The given models can be classified into two types, i.e. supervised models and unsupervised models, according to whether the data labels are determined, if the data labels are determined, models such as a support vector machine can be used, and if the data labels are not determined, models such as isolated forests can be used. The rules are mainly determined based on experience of a practitioner, and a set of own rules exist for general practitioners or practitioners enterprises;
step 202, comparing the respectively identified abnormal flow, and determining an abnormal flow part which can be identified only by a given model and cannot be identified by a rule;
step 203, summarizing some new rules based on the determined abnormal flow of the part;
Wherein, the new rule is a rule which does not exist in the original rule system and is summarized according to the newly identified flow characteristics, and is different from the existing rule;
Step 204, performing feature engineering on the summarized new rule;
Specifically, the method can be realized by the following steps: firstly, carrying out binarization representation on quantitative descriptions in the rules, wherein a one-hot coding mode can be adopted, and then, carrying out numerical representation on qualitative descriptions, and removing dimension and normalizing if necessary; performing dimension reduction on the new features to obtain desired features;
step 205, inputting the extracted features as new features into the model to obtain a model with enhanced rules;
step 206, comparing the recognition result of the enhanced model with the recognition result of the original given model;
If the enhanced model can keep the abnormal flow identified by the original model, new abnormal flow is identified, namely the rule enhancement effect is verified.

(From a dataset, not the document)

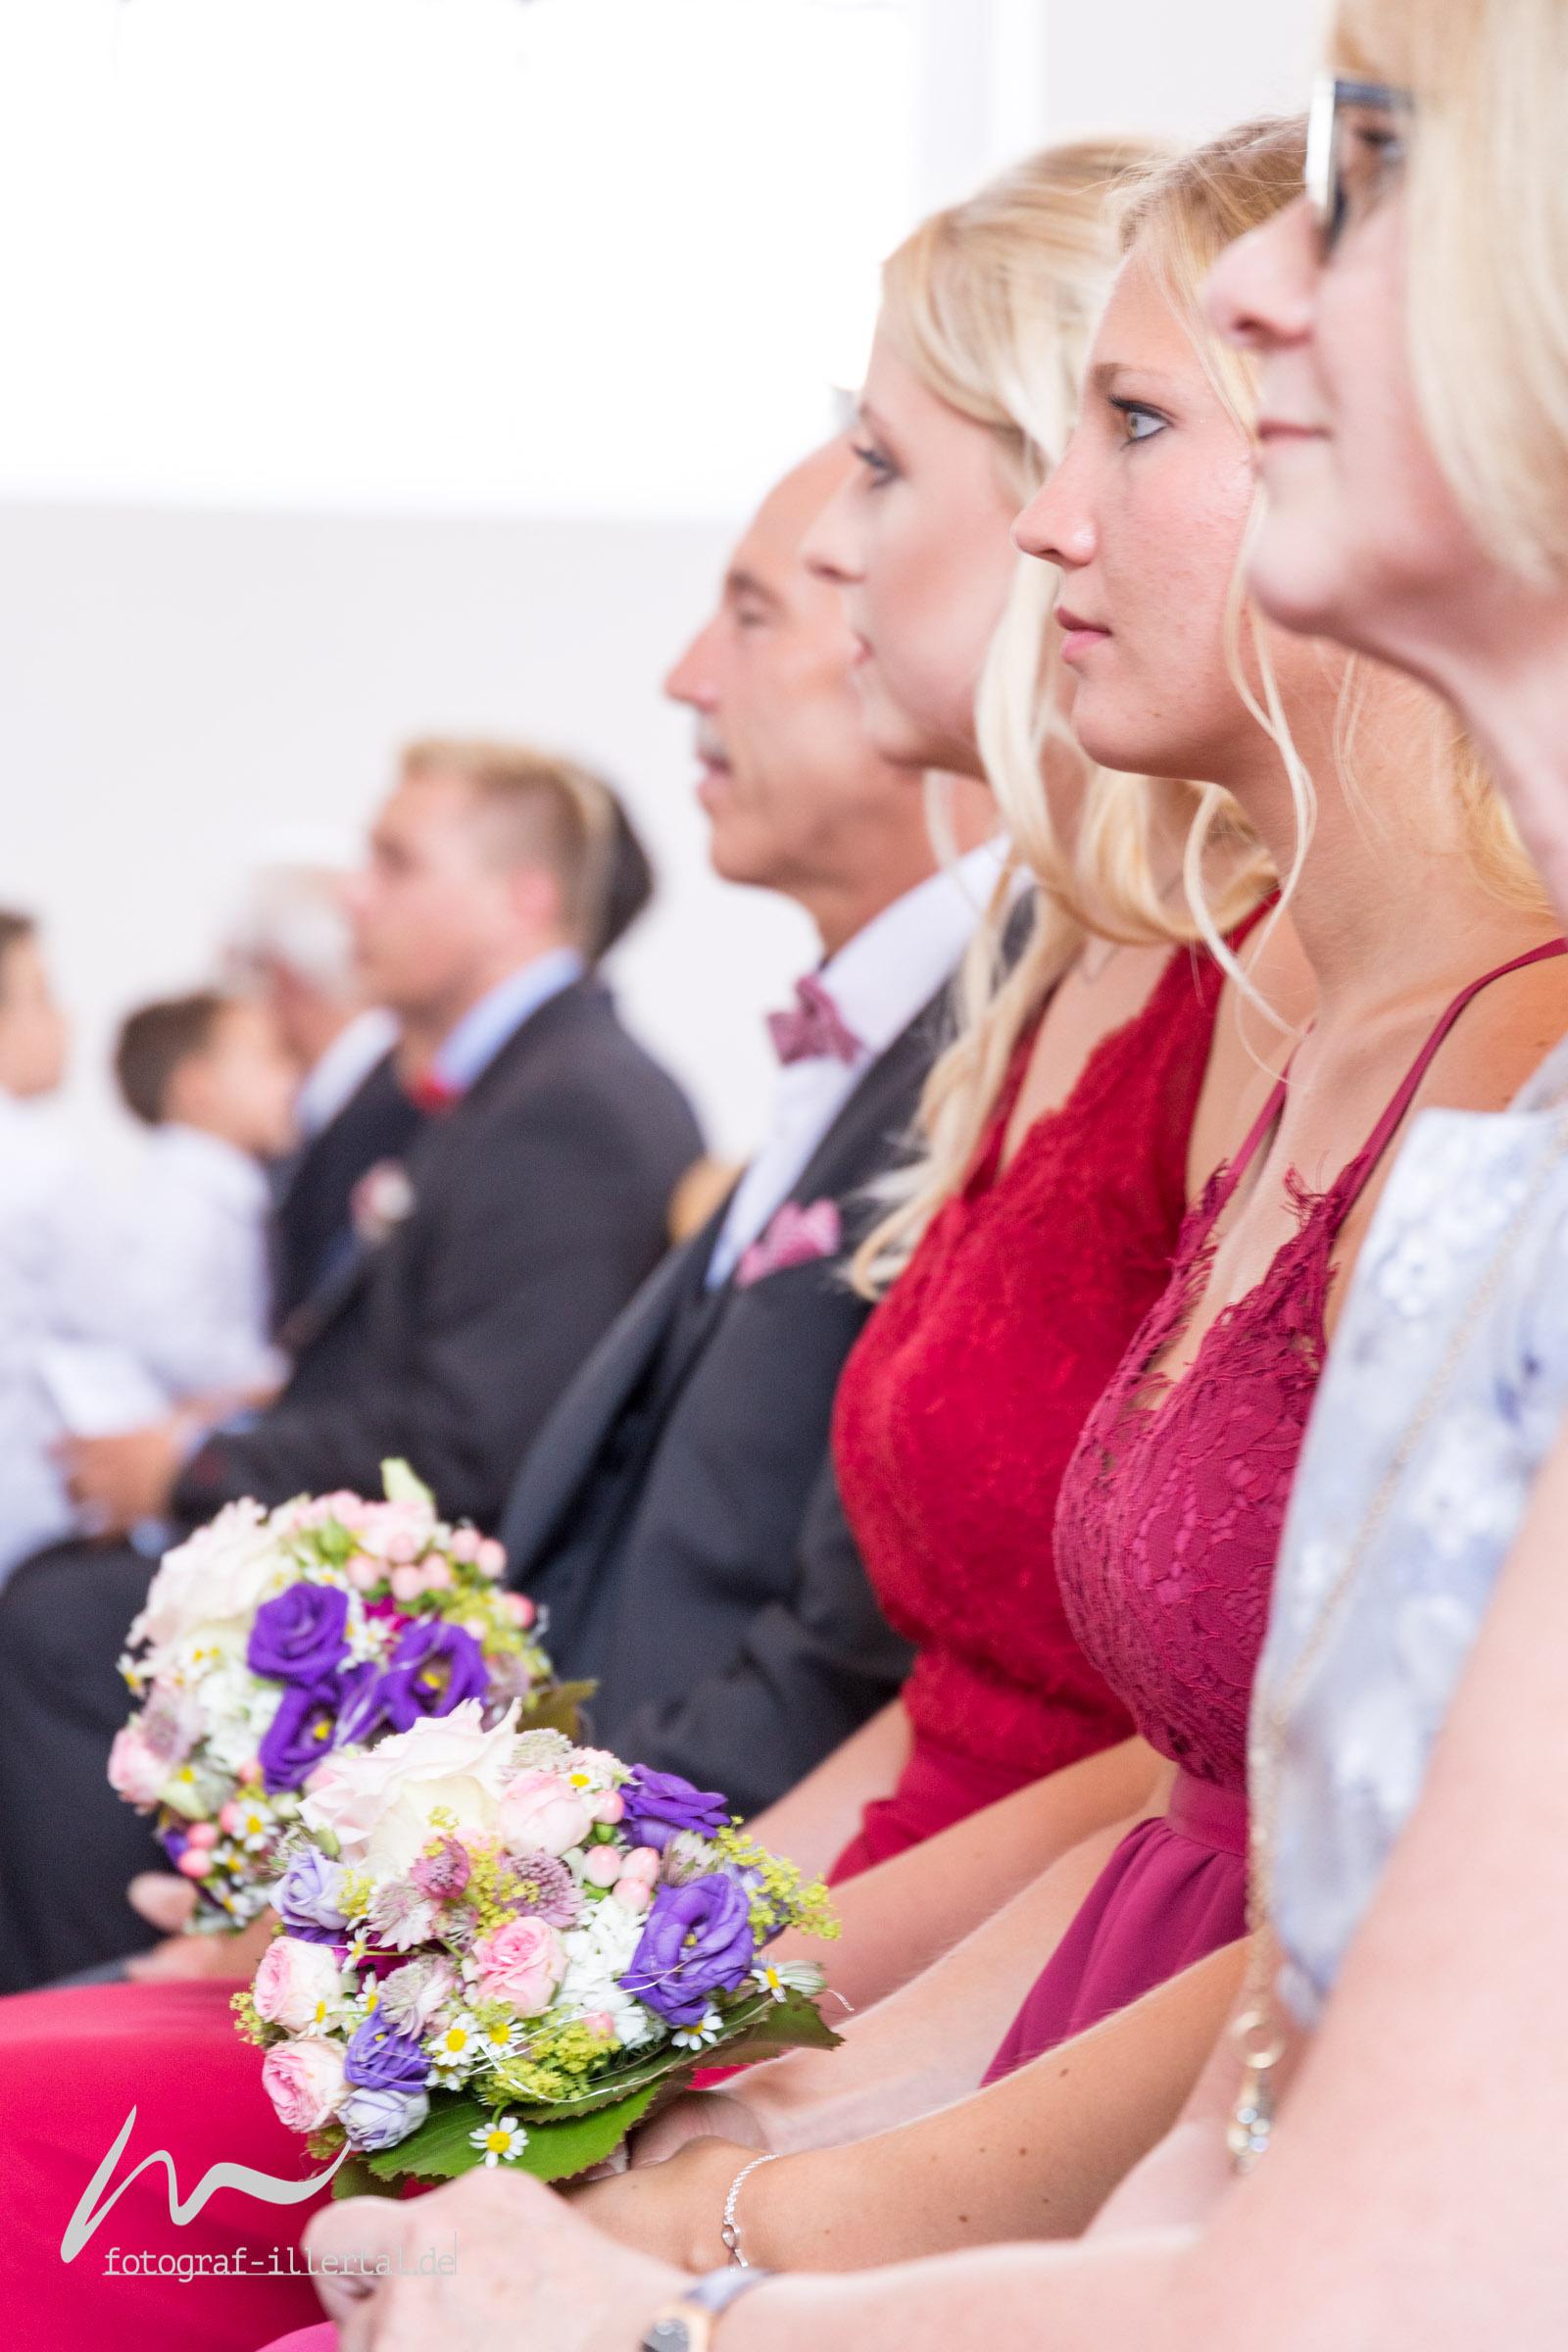 Fotograf Illertal-Christian Miller-Hochzeitsfotografie-_MG_2138

Corresponding to fig.1, the embodiment of the present application further provides a verification device for a model, as shown in fig. 3, where the device includes:
An acquisition module 32 for acquiring a first abnormal flow identified from the first data by the first model; the first model is obtained by adjusting the second model based on the second abnormal flow; the second abnormal flow is abnormal flow which does not comprise fourth abnormal flow in third abnormal flow, the third abnormal flow is identified from the first data by the second model, and the fourth abnormal flow is identified from the first data by a preset first rule;
and the comparison module 34 is configured to compare the first abnormal flow and the third abnormal flow, and generate a verification result according to the comparison result, where the verification result is used to characterize whether the first model is a model enhanced by the second model.
By means of the device, the second model can be identified, the second abnormal flow which cannot be identified by the first rule is adjusted to obtain the first model, then the first abnormal flow identified by the first model is compared with the third abnormal flow identified by the second model, whether the first model is enhanced relative to the second model can be determined, whether the first model is an enhanced model can be conveniently and rapidly determined through the verification process, if so, the identification effect of the abnormal flow can be improved through the first model, and the problem that whether the identification effect of the enhanced machine learning model is improved really cannot be verified in the prior art is solved.
Optionally, the comparing module 34 in the embodiment of the present application may further include: the first comparison unit is used for generating a first verification result when the first abnormal flow comprises a fifth abnormal flow in addition to the third abnormal flow; the first verification result is used for representing that the first model is a model enhanced by the second model; a second comparing unit, configured to generate a second verification result when the first abnormal flow is the third abnormal flow or the first abnormal flow is a part of the third abnormal flow; the second verification result is used for representing that the first model is a model after the second model fails to be enhanced.
Optionally, the acquiring module 32 in the embodiment of the present application may further include: the adjusting unit is used for adjusting the threshold value in the first model for N times until the number of abnormal flow rates identified from the first data by the first model after the threshold value is adjusted for N times is larger than the number of third abnormal flow rates; wherein the threshold value is used to characterize the maximum value of the identified abnormal flow; n is a positive integer; and the determining unit is used for determining the first abnormal flow from the abnormal flow identified from the first data through the first model after the threshold value is adjusted for N times.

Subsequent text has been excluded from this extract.